Supplied information below:
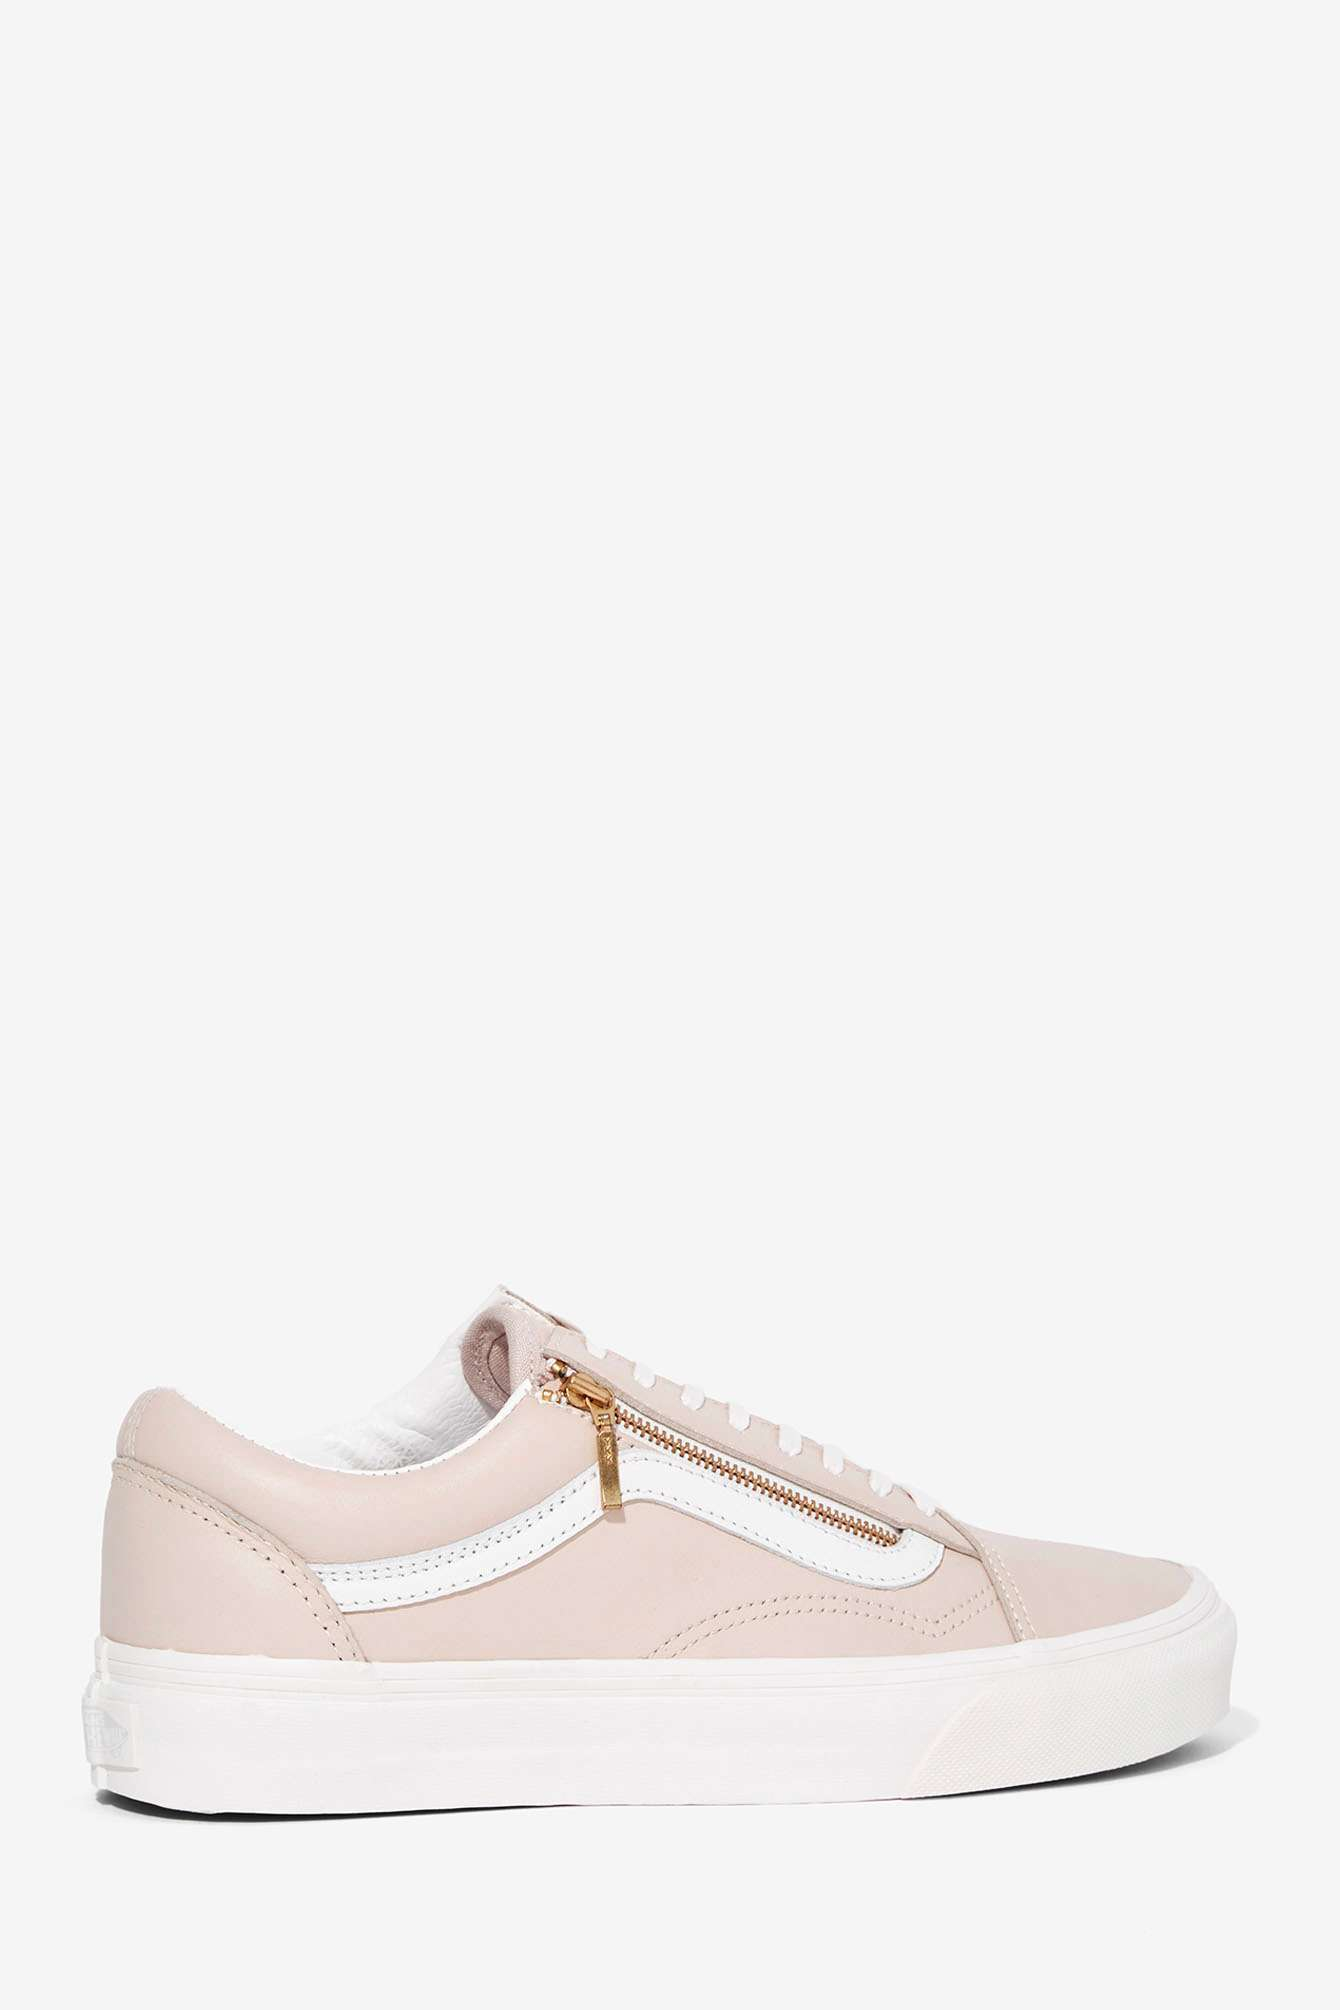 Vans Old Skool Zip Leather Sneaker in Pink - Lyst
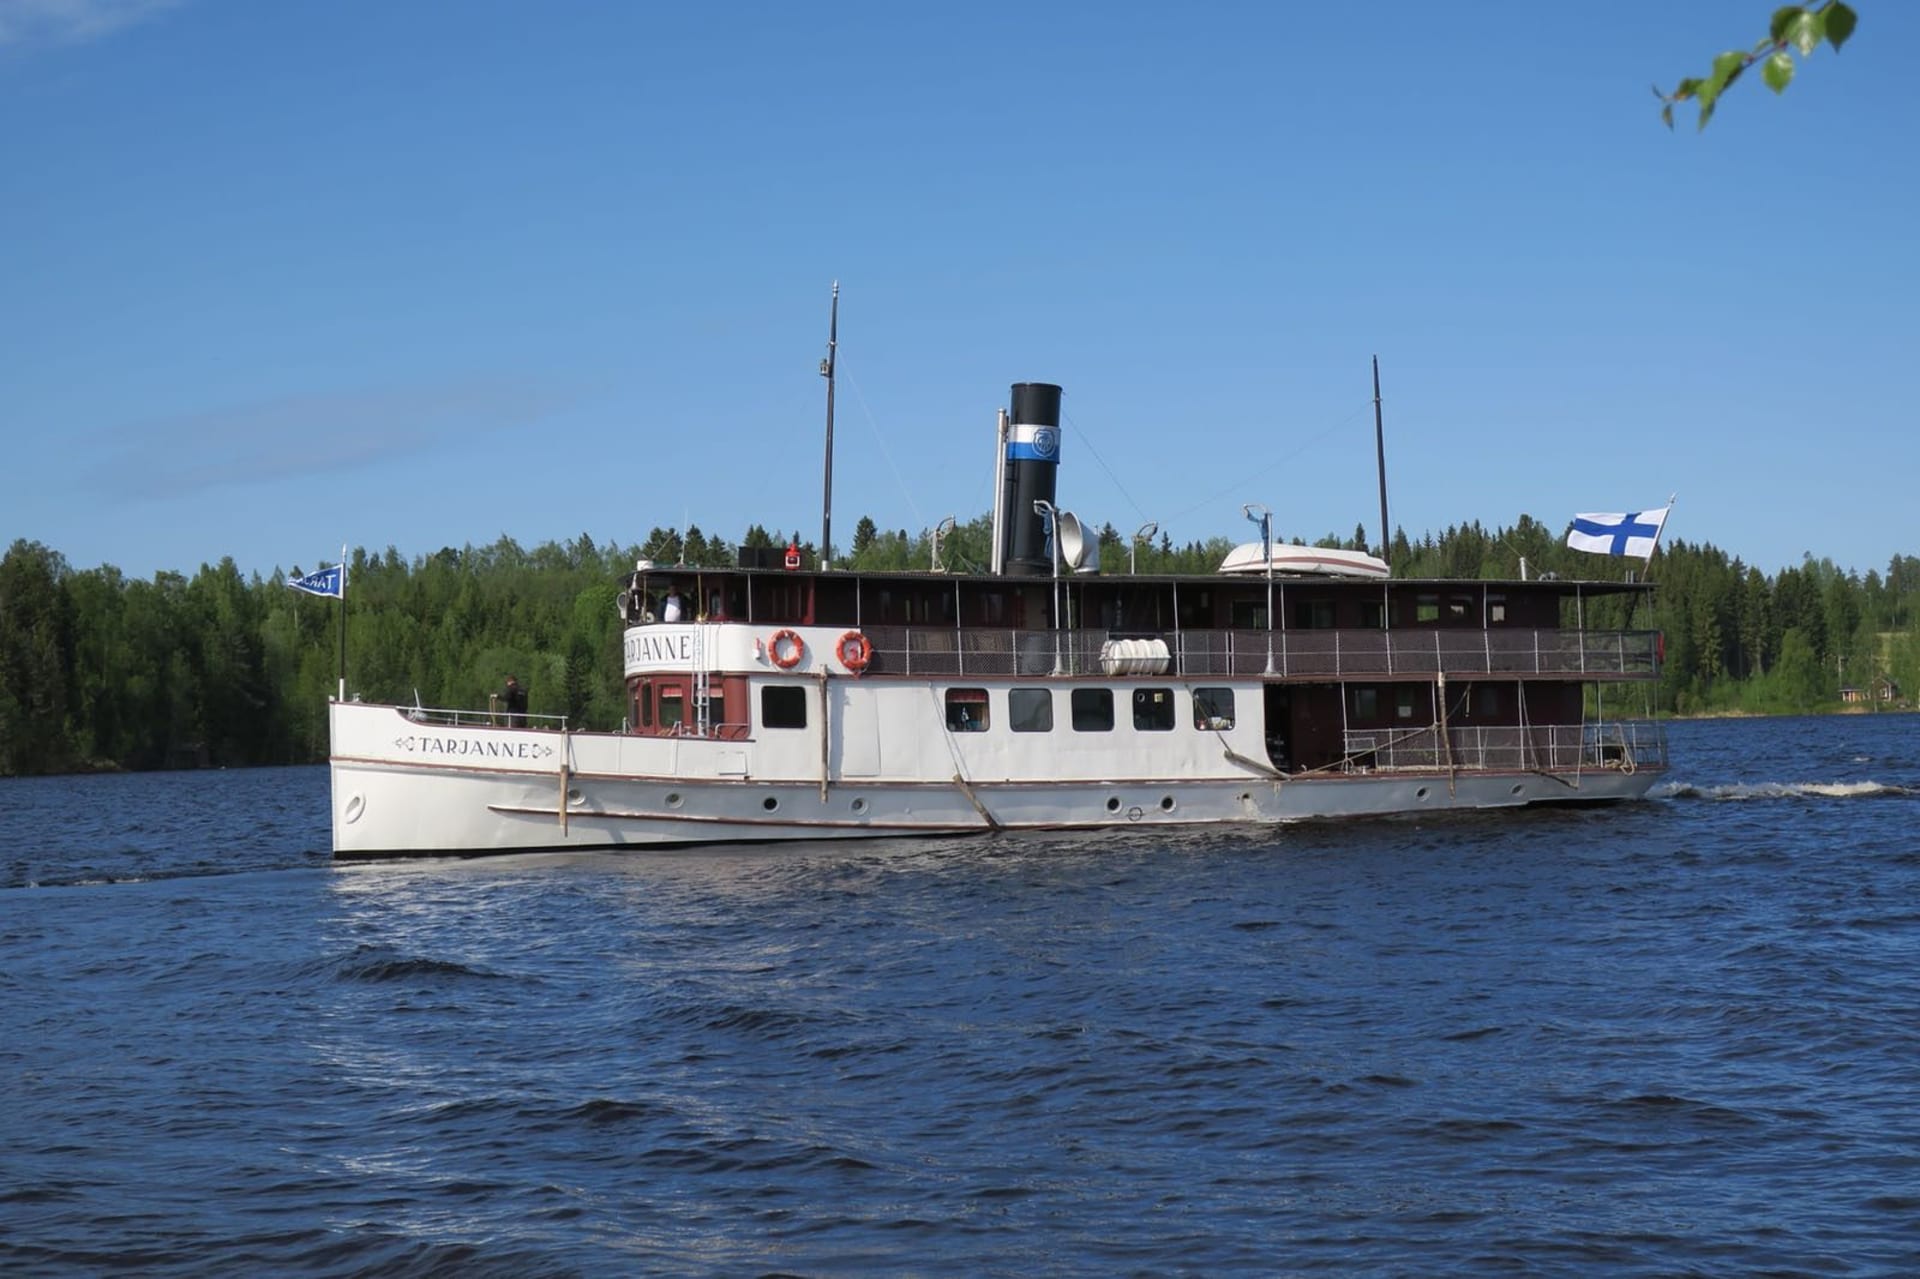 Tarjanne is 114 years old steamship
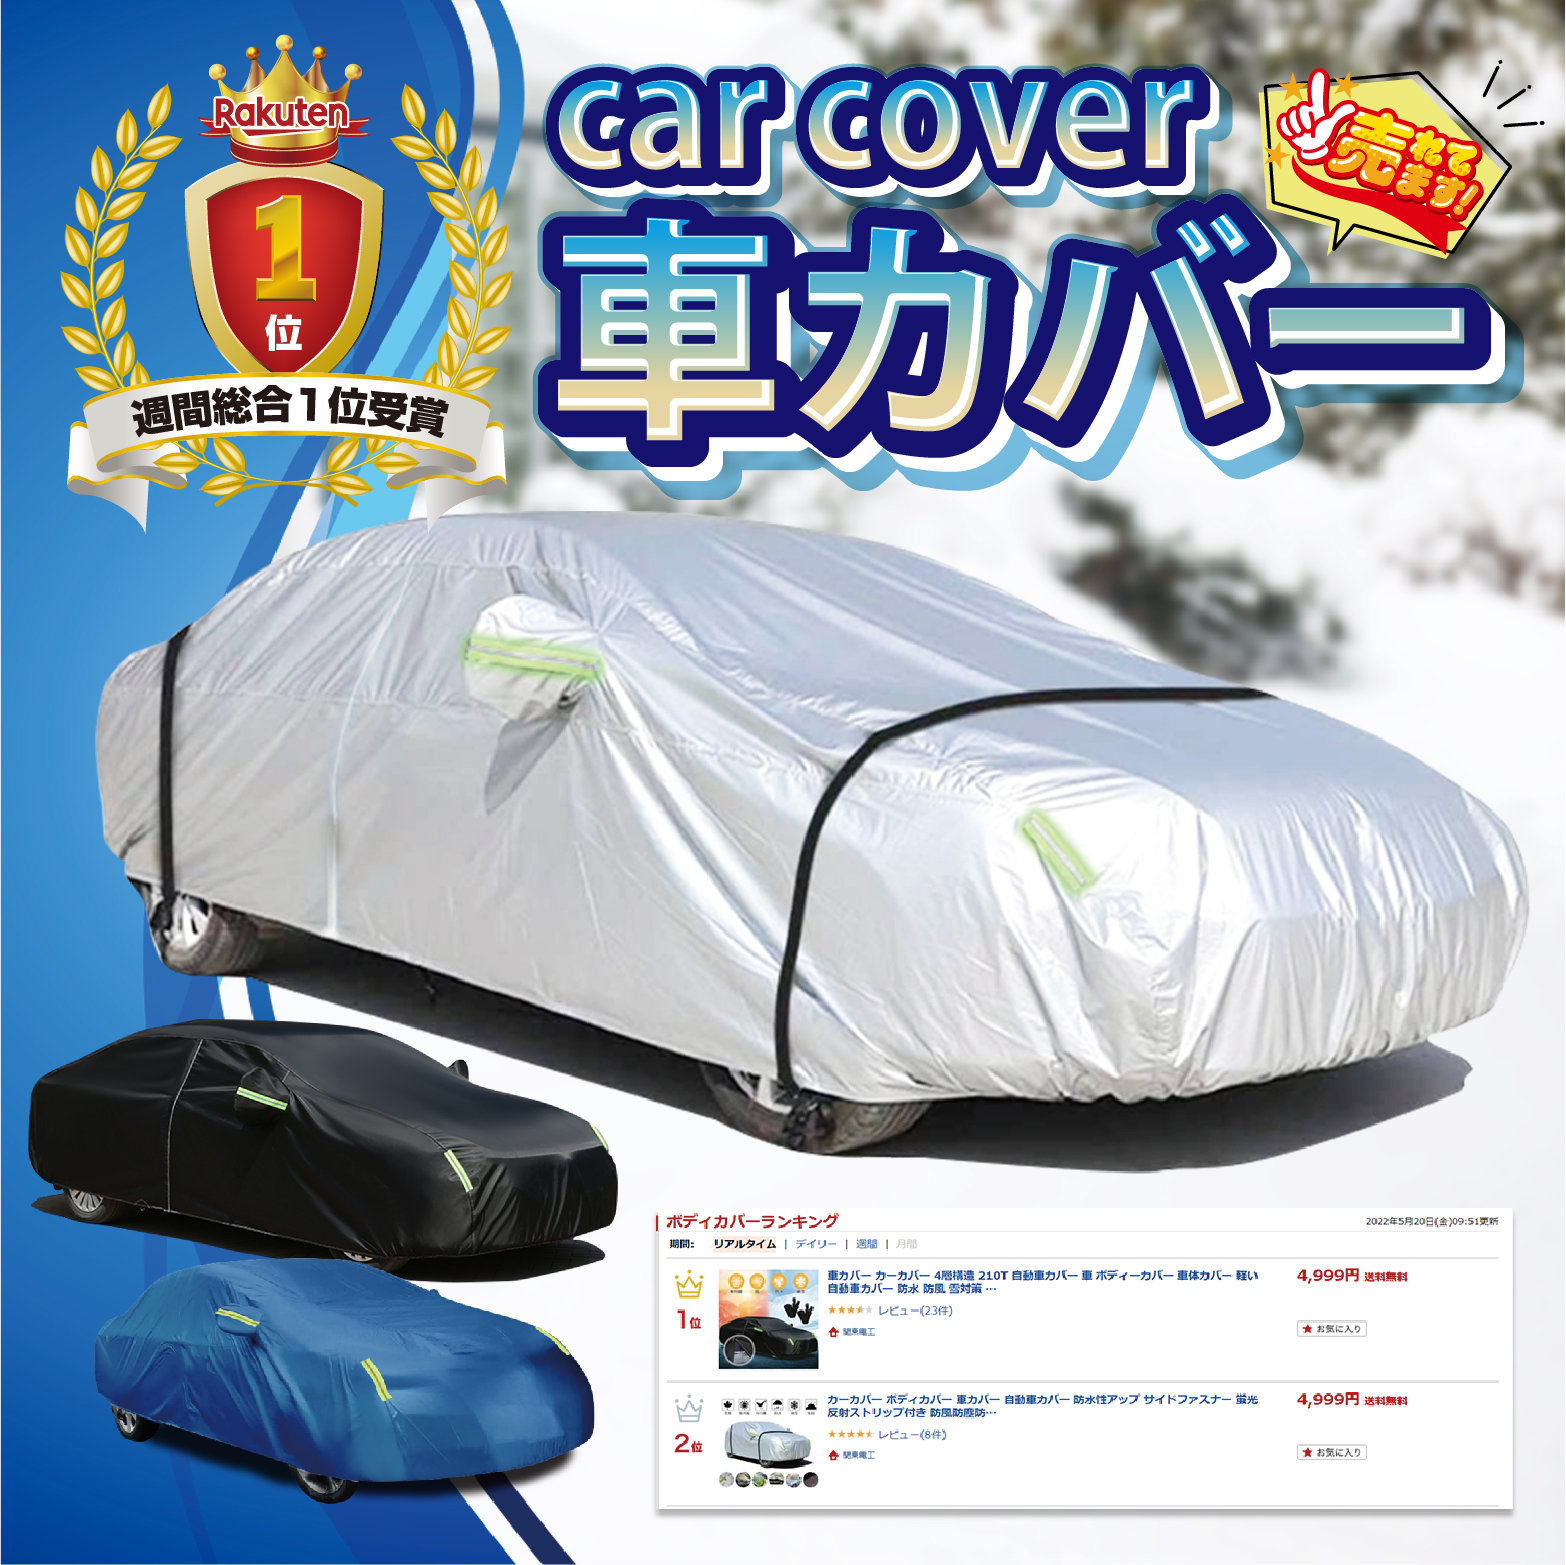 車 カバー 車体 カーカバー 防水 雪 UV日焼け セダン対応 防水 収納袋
End of Supplied information.
• Task item:
Copy the listing in full and without alteration, omitting every picture.

• Result below:
 Vans Old Skool Zip Leather Sneaker in Pink - Lyst
 Tarjanne is 114 years old steamship
 車 カバー 車体 カーカバー 防水 雪 UV日焼け セダン対応 防水 収納袋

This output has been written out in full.